What accounts for the blithe departure from international and national law — not to mention time-honored civilized procedures for dealing with prisoners and detainees?

What accounts for the marginalization of those military, FBI and other professionals who warned that torture is not only a war crime but also that it doesn’t yield reliable information — that, rather, it is the very best recruiting tool for terrorists?

We suggest four reasons why I-don’t-care-what-the-international-lawyers-say George Bush and dark-side Dick Cheney opted for torture:

1 — Deceit: Granted, torture does not yield truthful information. It can, though, be an excellent way to obtain the untruthful information you may wish to acquire. All you really need to know is what you want the victims to “confess” to and torture them, or render them abroad to “friendly” intelligence services toward the same end.

One case that speaks volumes is that of Ibn al-Shaykh al-Libi, who was captured and rendered to Egypt, where, under torture, he told his interrogators precisely what they wanted to hear.

According to the Defense Intelligence Agency, al-Libi had been identified as a likely fabricator months before the Bush administration began to use his statements to prove that Iraq trained al-Qaeda members to use biological and chemical weapons.

Without mentioning al-Libi by name, President Bush, Vice President Cheney, then-Secretary of State Colin Powell and other administration officials repeatedly cited information from his interrogation as credible evidence that Iraq was training al-Qaeda members in the use of explosives and illicit weapons.

So torture can indeed provide the information you may want to have to grease the skids for war.
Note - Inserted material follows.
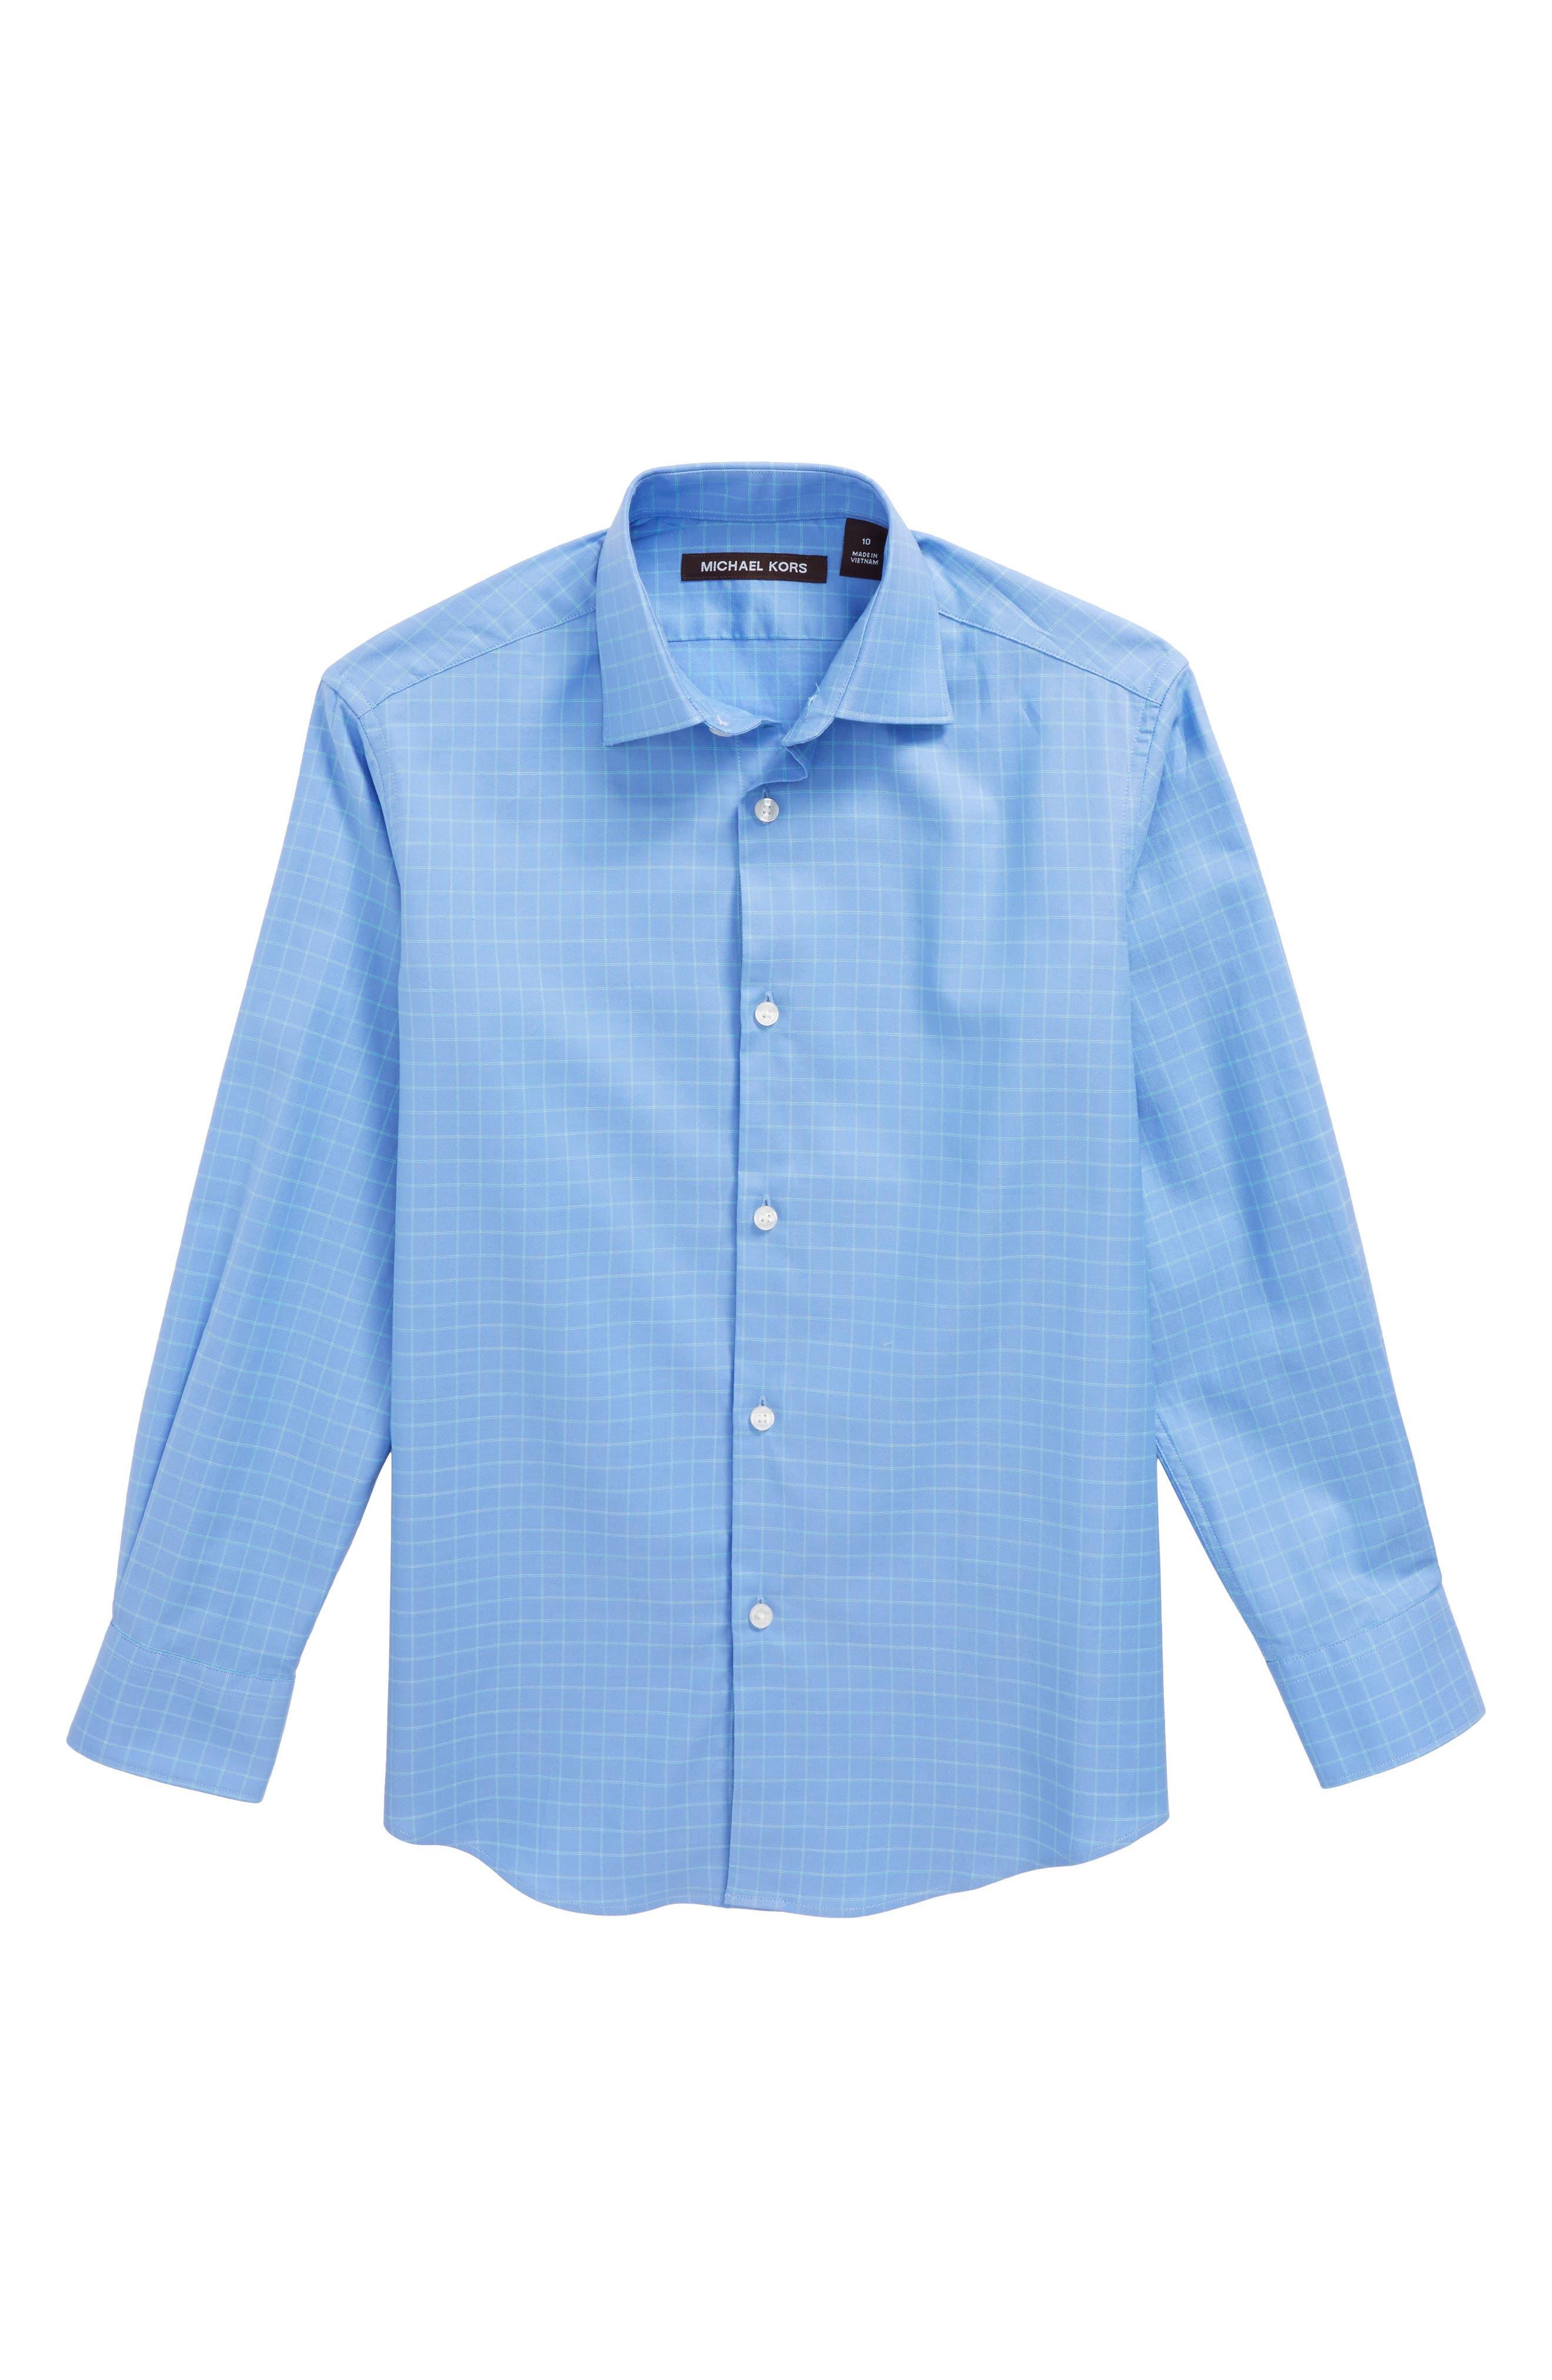 Collection Check Dress Shirt,                             Main thumbnail 1, color,                             Blue/ Green

Al-Libi was practically the poster boy for the Cheney/Bush torture regime; that is, until he publicly recanted and explained that he only told his interrogators what he thought would stop the torture.

2 — Sadism: Cheney’s open advocacy of waterboarding speaks volumes, but what about the President? Sad to say, as psychiatrist Justin Frank, author of Bush on the Couch, has noted:

“Bush’s certitude that he is right gives him carte blanche for destructive behavior. He has always had a sadistic streak: from blowing up frogs, to shooting his siblings with a BB gun, to branding fraternity pledges with white-hot coat hangers (explaining that the resulting wound was ‘only a cigarette burn’)…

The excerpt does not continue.